Yafang Shao <laoar.shao@xxxxxxxxx> · Fri, 24 Jan 2025 15:07:18 +0800

On Fri, Jan 24, 2025 at 11:11 AM Yafang Shao <laoar.shao@xxxxxxxxx> wrote:
>
> On Thu, Jan 23, 2025 at 11:55 PM Petr Mladek <pmladek@xxxxxxxx> wrote:
> >
> > On Wed 2025-01-22 16:56:31, Petr Mladek wrote:
> > > Anyway, I am working on a POC which would allow to track
> > > to-be-released processes. It would finish the transition only
> > > when all the to-be-released processes already use the new code.
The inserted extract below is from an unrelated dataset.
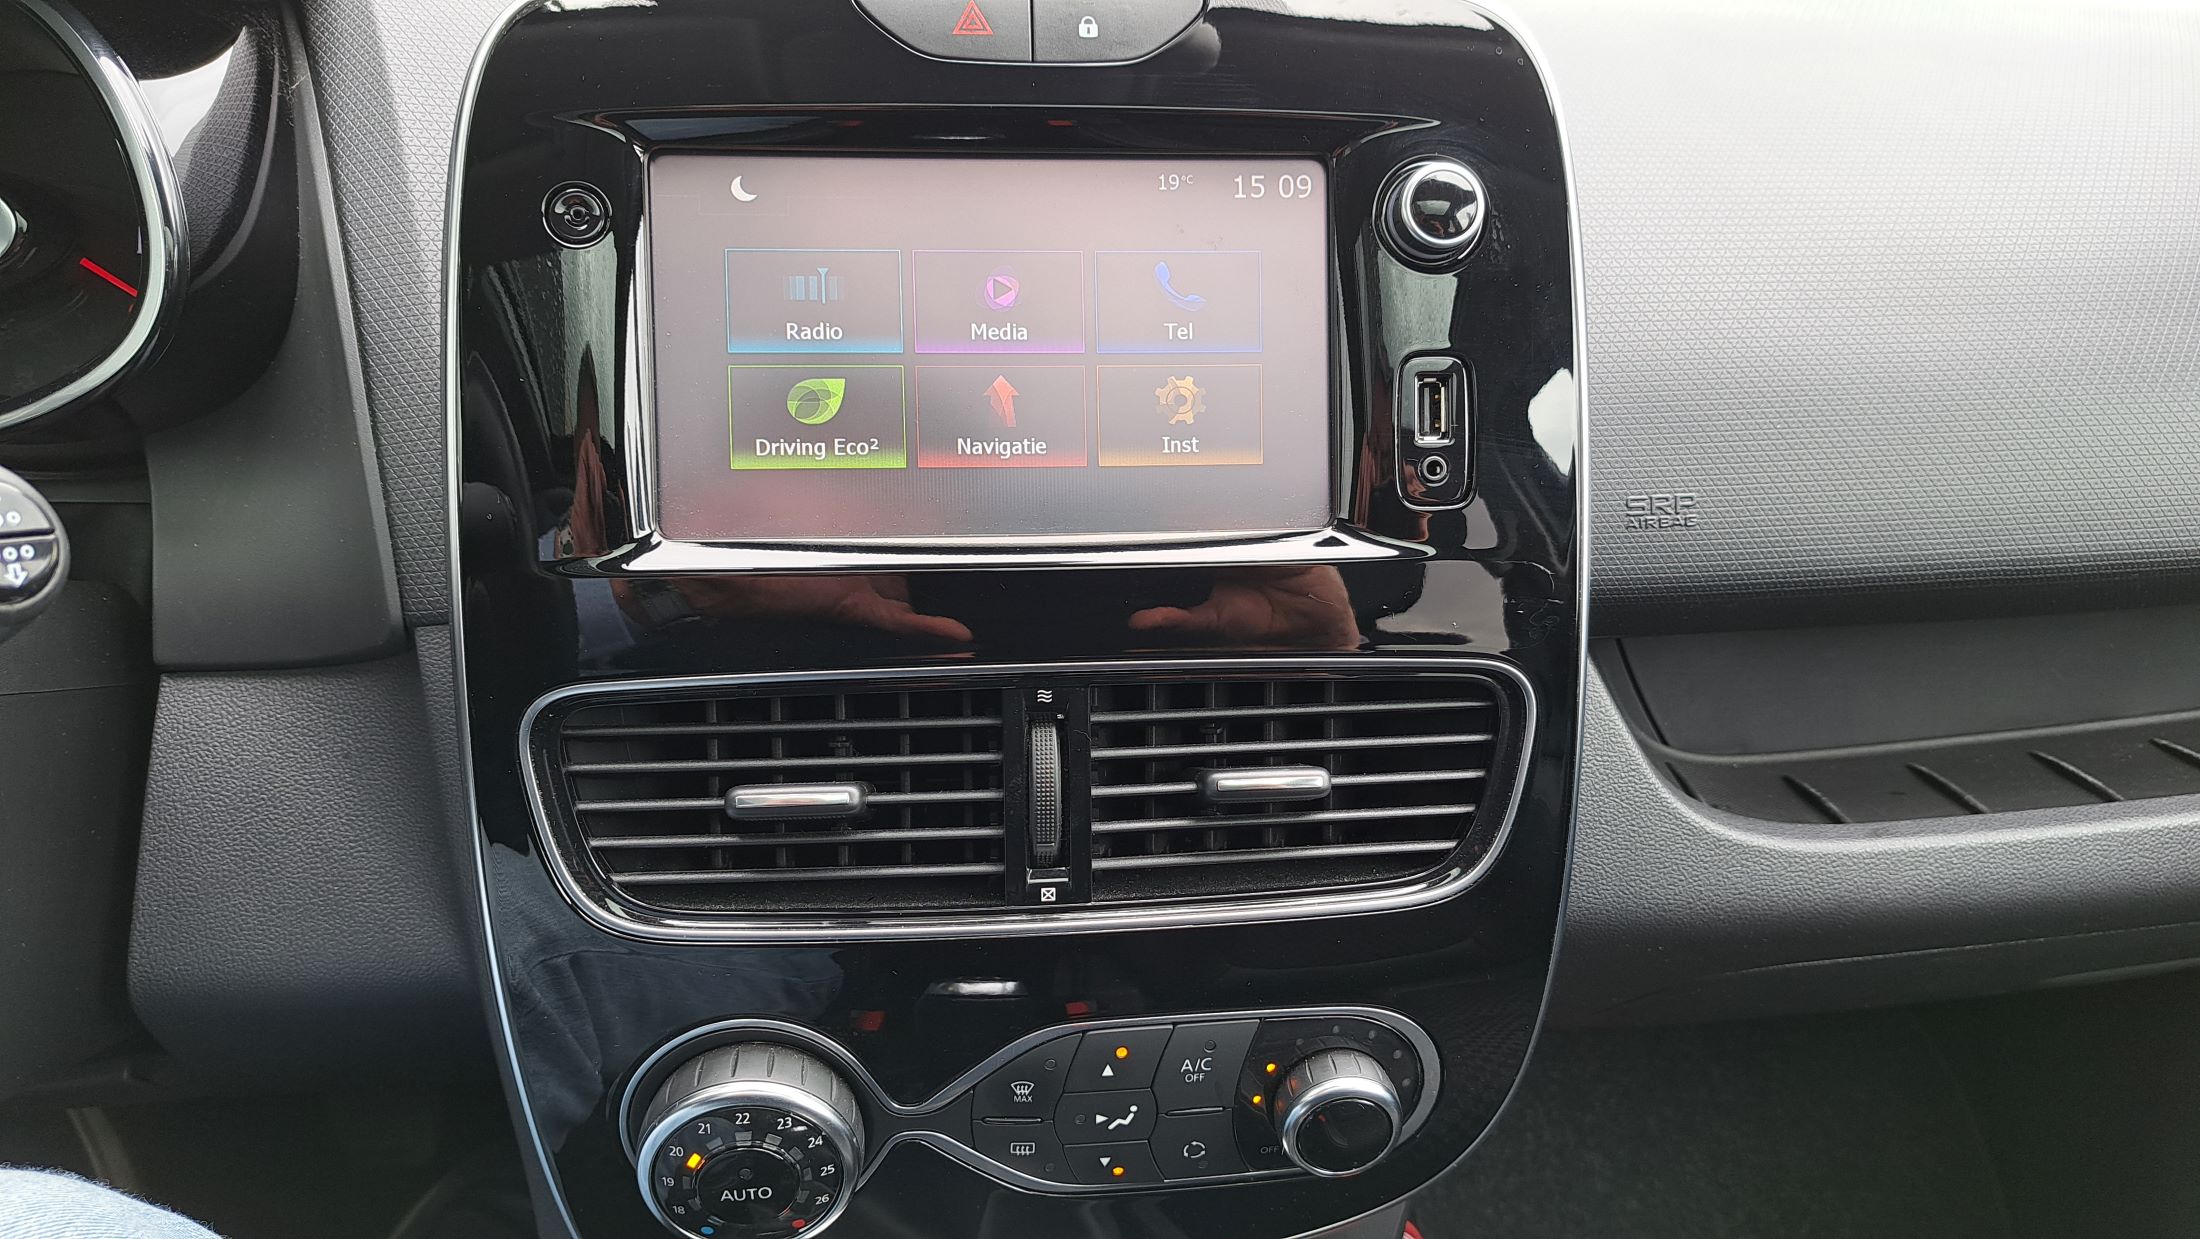 Renault Clio Intens TCe 90 Grand-Tour, GPS, camera, sensoren V+A, panoramisch dak

> > > It won't allow to remove the disabled livepatch prematurely.
> >
> > Here is the POC. I am not sure if it is the right path, see
> > the warning and open questions in the commit message.
> >
> > I am going to wait for some feedback before investing more time
> > into this.
> >
> > The patch is against current Linus' master, aka, v6.13-rc7.
> >
> > From ac7287d99aaeca7a4536e8ade61b9bd0c8ec7fdc Mon Sep 17 00:00:00 2001
> > From: Petr Mladek <pmladek@xxxxxxxx>
> > Date: Thu, 23 Jan 2025 09:04:09 +0100
> > Subject: [PATCH] livepatching: Block transition until
> >  delayed_put_task_struct()
> >
> > WARNING: This patch is just a POC. It will blow up the system because
> >         RCU callbacks are handled by softirq context which are handled
> >         by default on exit from IRQ handlers. And it is not allowed
> >         to take sleeping locks here, see the backtrace at the end
> >         of the commit message.
> >
> >         We would need to synchronize the counting of the exiting
> >         processes with the livepatch transition another way.
> >
> >         Hmm, I guess that spin_lock is legal in softirq context.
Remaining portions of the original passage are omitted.